B. For aught I see, all the states of Christendom will be subject to these fits of rebellion, as long as the world lasteth.

A. Like enough; and yet the fault (as I have said) may be easily mended, by mending the Universities.

B. How long had the Parliament now sitten?

A. It began November the 3rd, 1640. My Lord of Strafford was impeached of treason before the Lords, November the 12th, sent to the Tower November the 22nd, his trial began March the 22nd, and ended April the 13th. After his trial he was voted guilty of high-treason in the House of Commons, and after that in the Lords’ House, May the 6th; and on the 12th of May beheaded.

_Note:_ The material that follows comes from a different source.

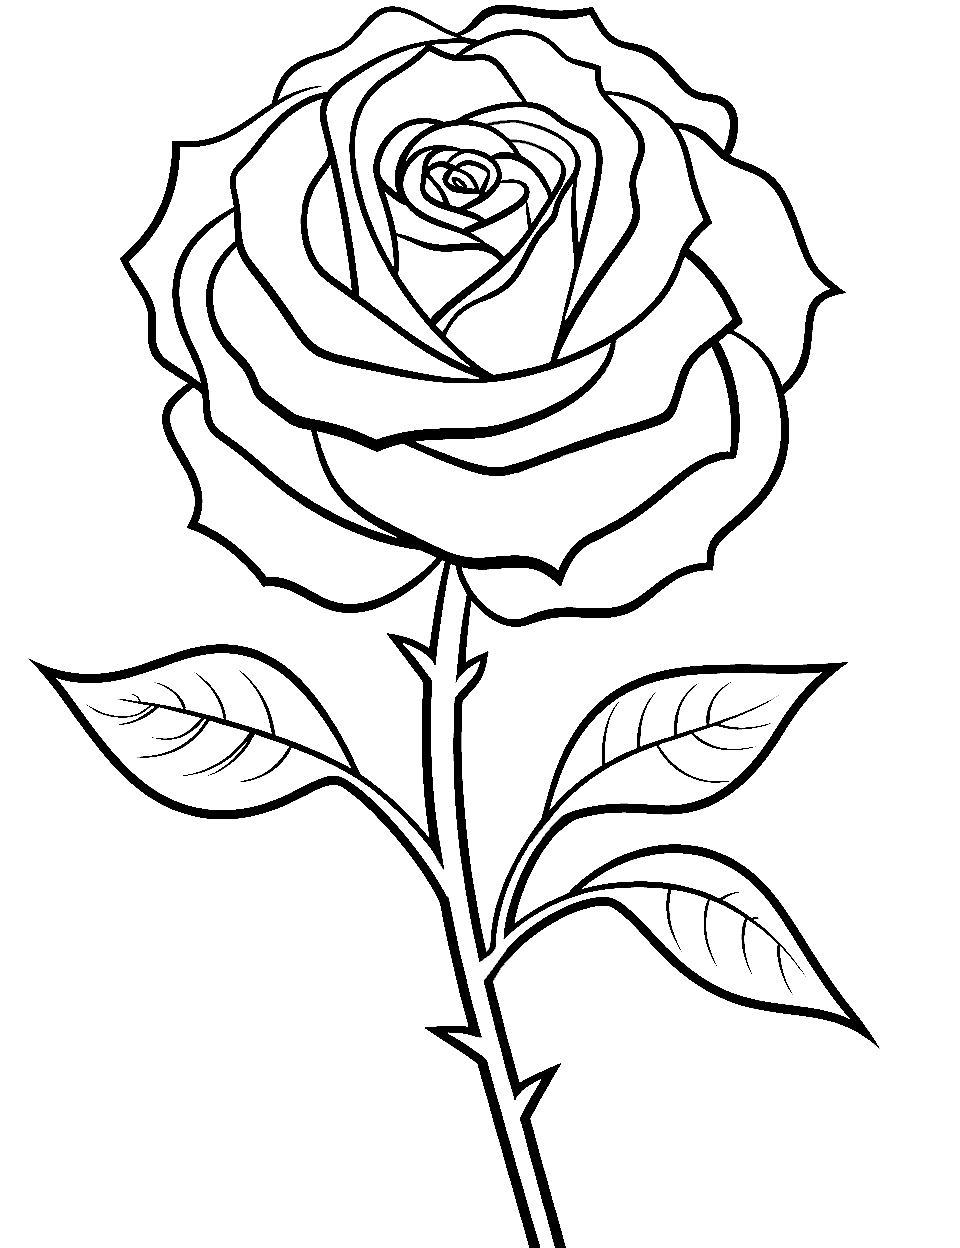 How to Draw a Rose - Easy Printable Tutorial For Kids | Kids Activities Blog
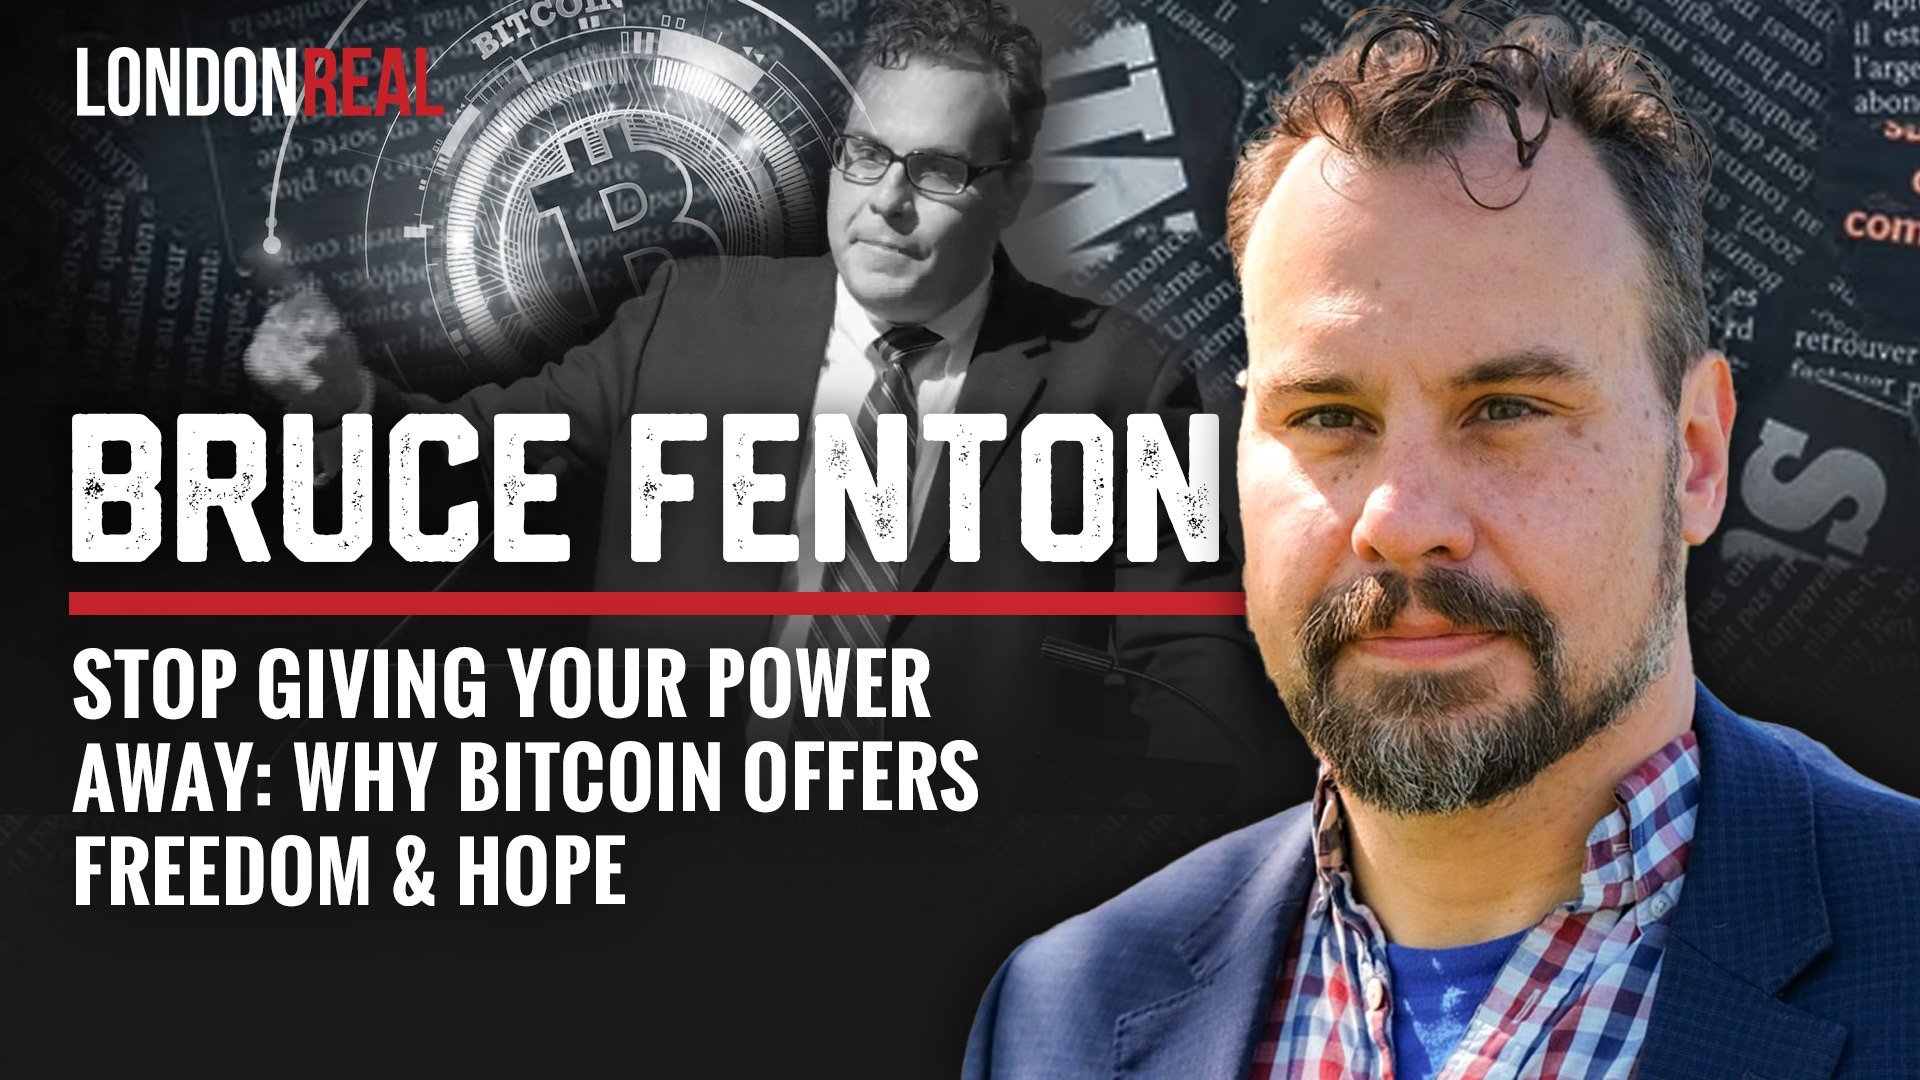 Bruce Fenton - Stop Giving Your Power Away: Why Bitcoin Offers Freedom & Hope

B. Great expedition; but could not the King, for all that, have saved him by a pardon?

A. The King had heard all that passed at his trial, and had declared himself unsatisfied concerning the justice of their sentence. And, I think, notwithstanding the danger of his own person from the fury of the people, and that he was counselled to give way to his execution, not only by such as he most relied on, but also by the Earl of Strafford himself, he would have pardoned him, if that could have preserved him against the tumult raised and countenanced by the Parliament itself, for the terrifying of those they thought might favour him. And yet the King himself did not stick to confess afterwards, that he had done amiss, in that he did not rescue him.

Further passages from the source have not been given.